Joel Greenberg states in his theatre review for Aisle Say, "Thirty years ago, when The Farm Show was first created - it is the inspiration for Healey's play - no one in the local theatre community would have guessed that such movement was possible. That was a time when the 'underground' and the 'mainstream' were separated by a gulf too wide to consider negotiable. Happily, time has provided a bridge that makes such distinctions increasingly irrelevant." Canadian novelist and poet Michael Ondaatje believes that "it is one of the few plays to create an authentic tradition in our culture," and former Globe and Mail critic Kate Taylor states that it "is fast turning into a Canadian classic."

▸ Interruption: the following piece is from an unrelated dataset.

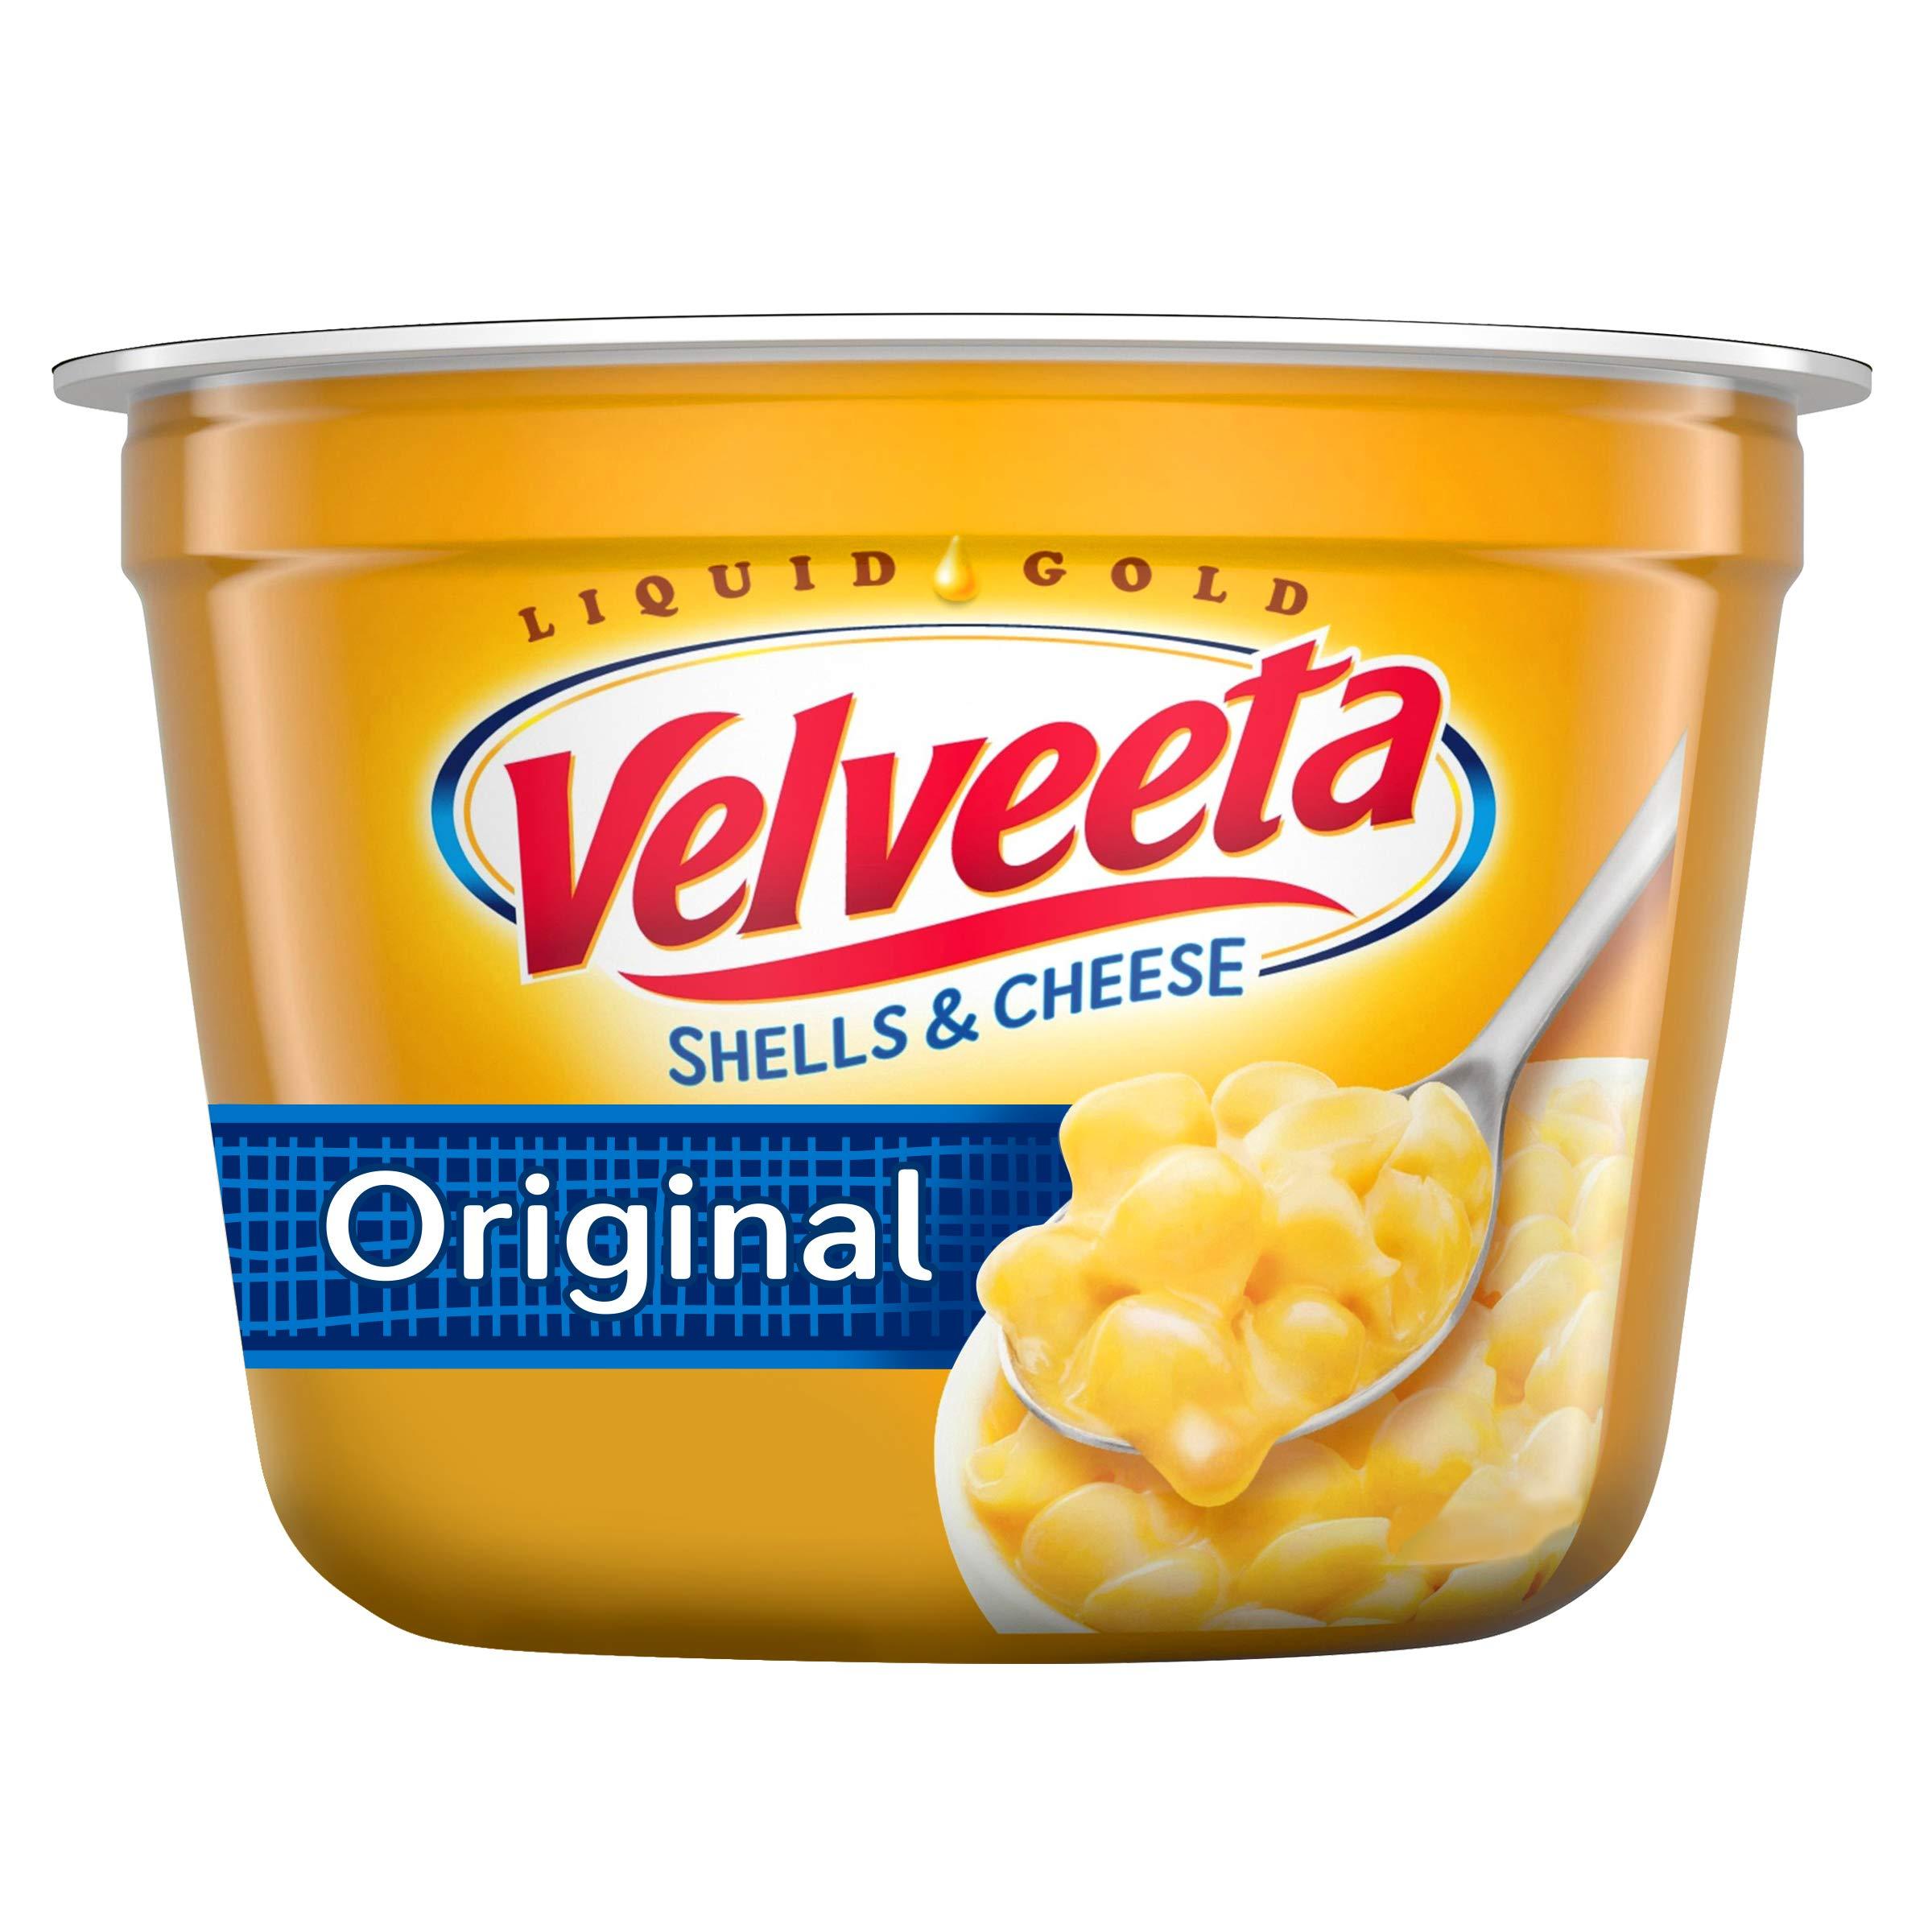 Velveeta Original Easy Mac Shells and Cheese (2.39 oz Microwaveable Cup)
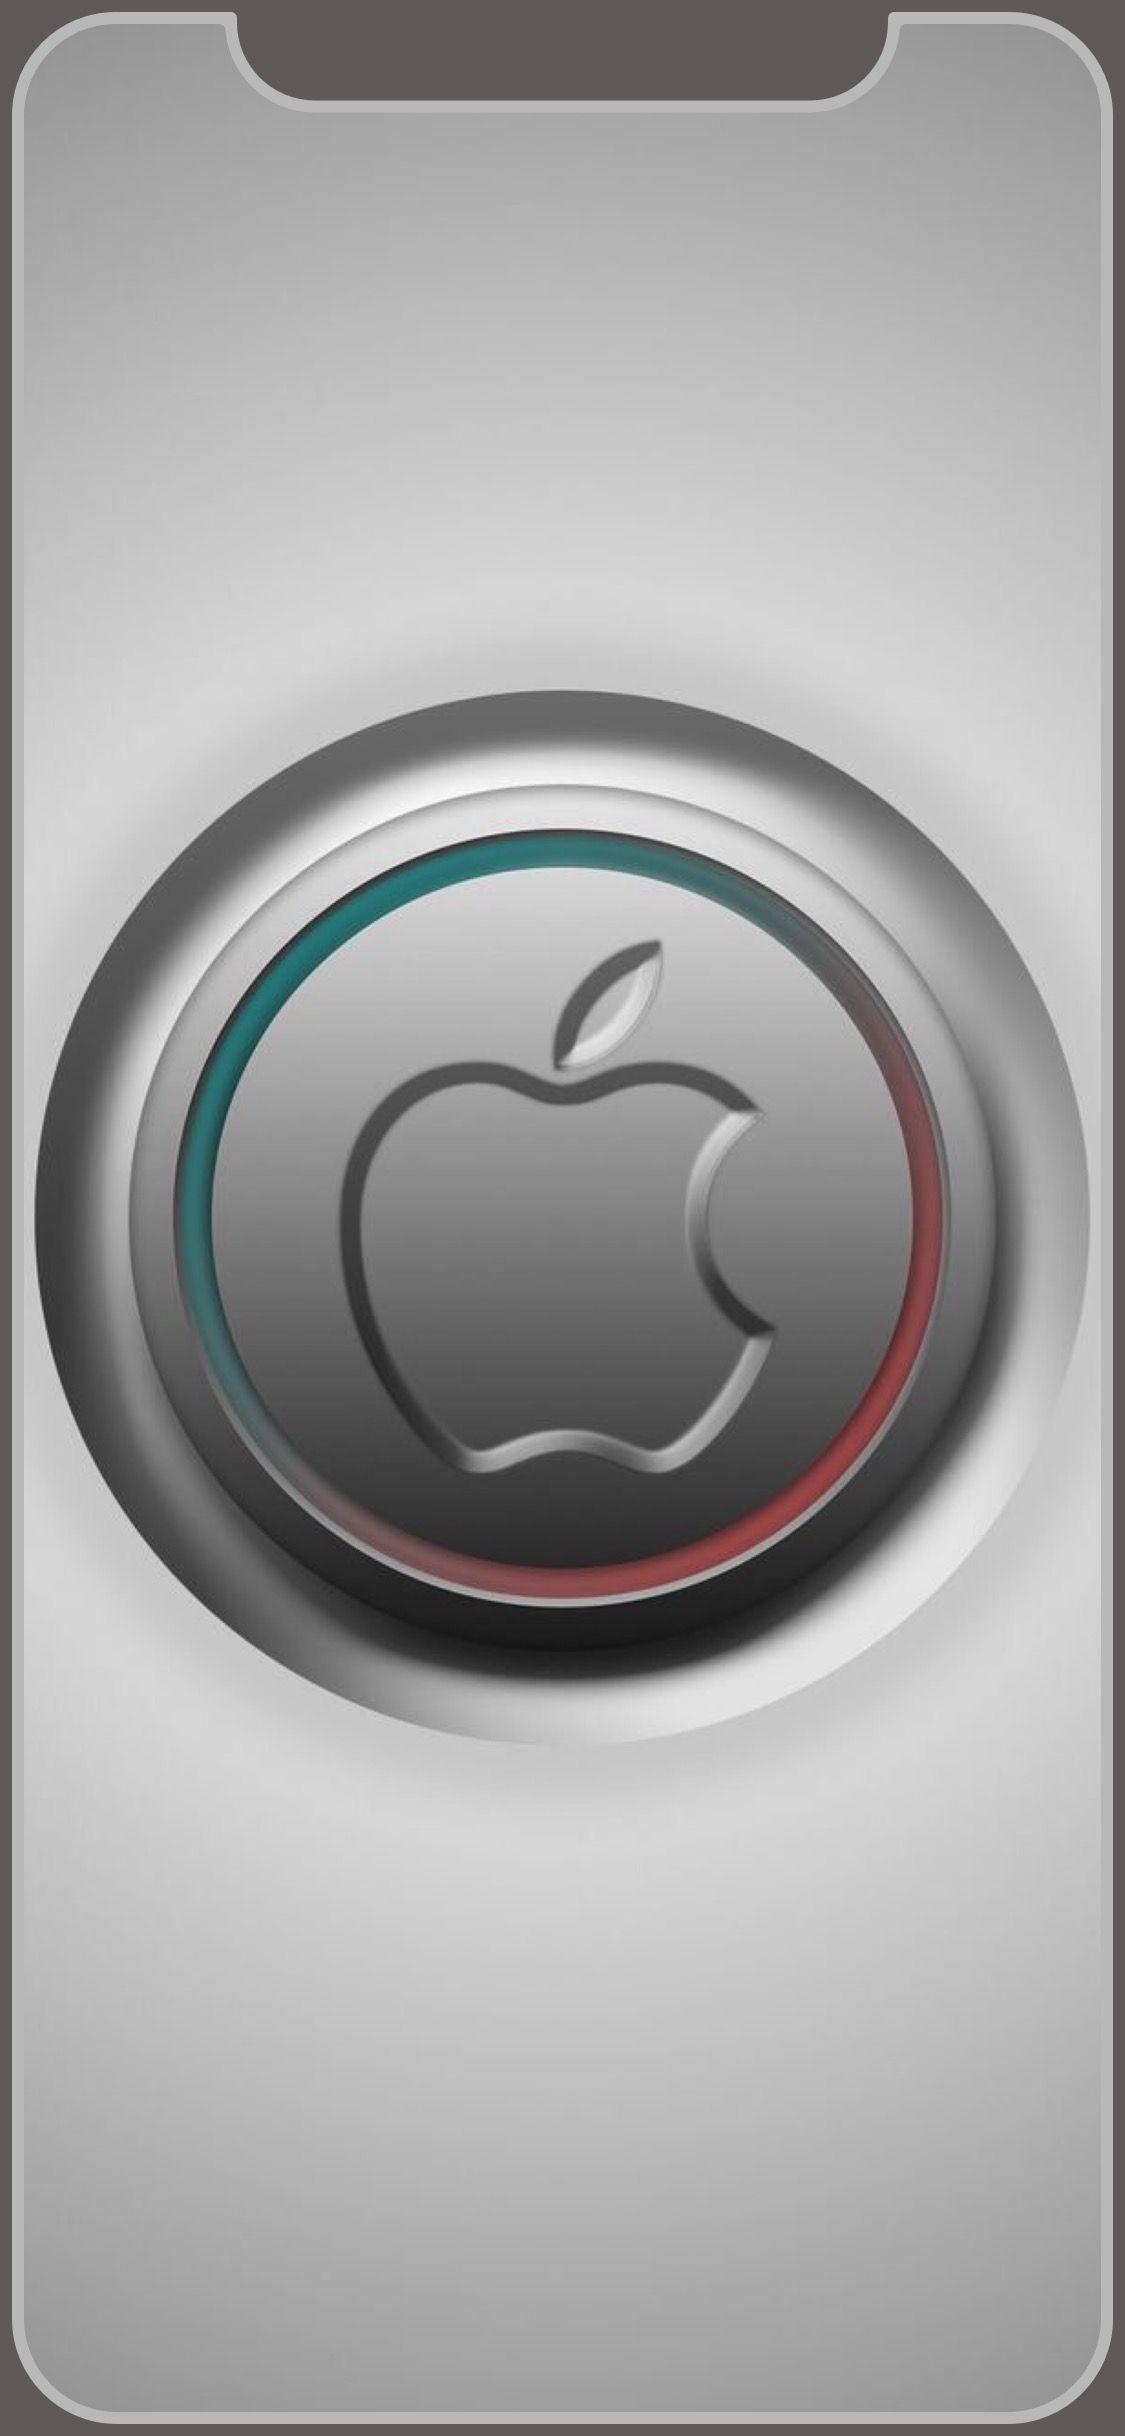 Unduh 100 Wallpaper Apple God  Terbaik

The London premiere of the play, presented by Snapdragon Productions at the Finborough Theatre, was praised by the critics. The Guardian called the play "a landmark in Canadian theatre", and The Stage praised the play as a "modern classic in the making". In her five-star review for WhatsOnStage.com, Amy Stow praised the production as "delicately and sympathetically approached by director Eleanor Rhode, who skilfully draws out the humour within each relationship, and creates an immersive world which the audience can simply sink into."

==Film adaptation==
Arturo Pérez Torres and Aviva Armour-Ostroff directed the 2017 film adaption The Drawer Boy. The film was shot in Ontario, starring Stuart Hughes as Angus, Richard Clarkin as Morgan, and Jakob Ehman as Miles. It won best feature at several festivals including the Canadian Film Festival, the Heartland Film Festival and the Anchorage International Film Festival. The film was released in theaters and on Video on Demand in November 2018 by the streaming media service HighballTV.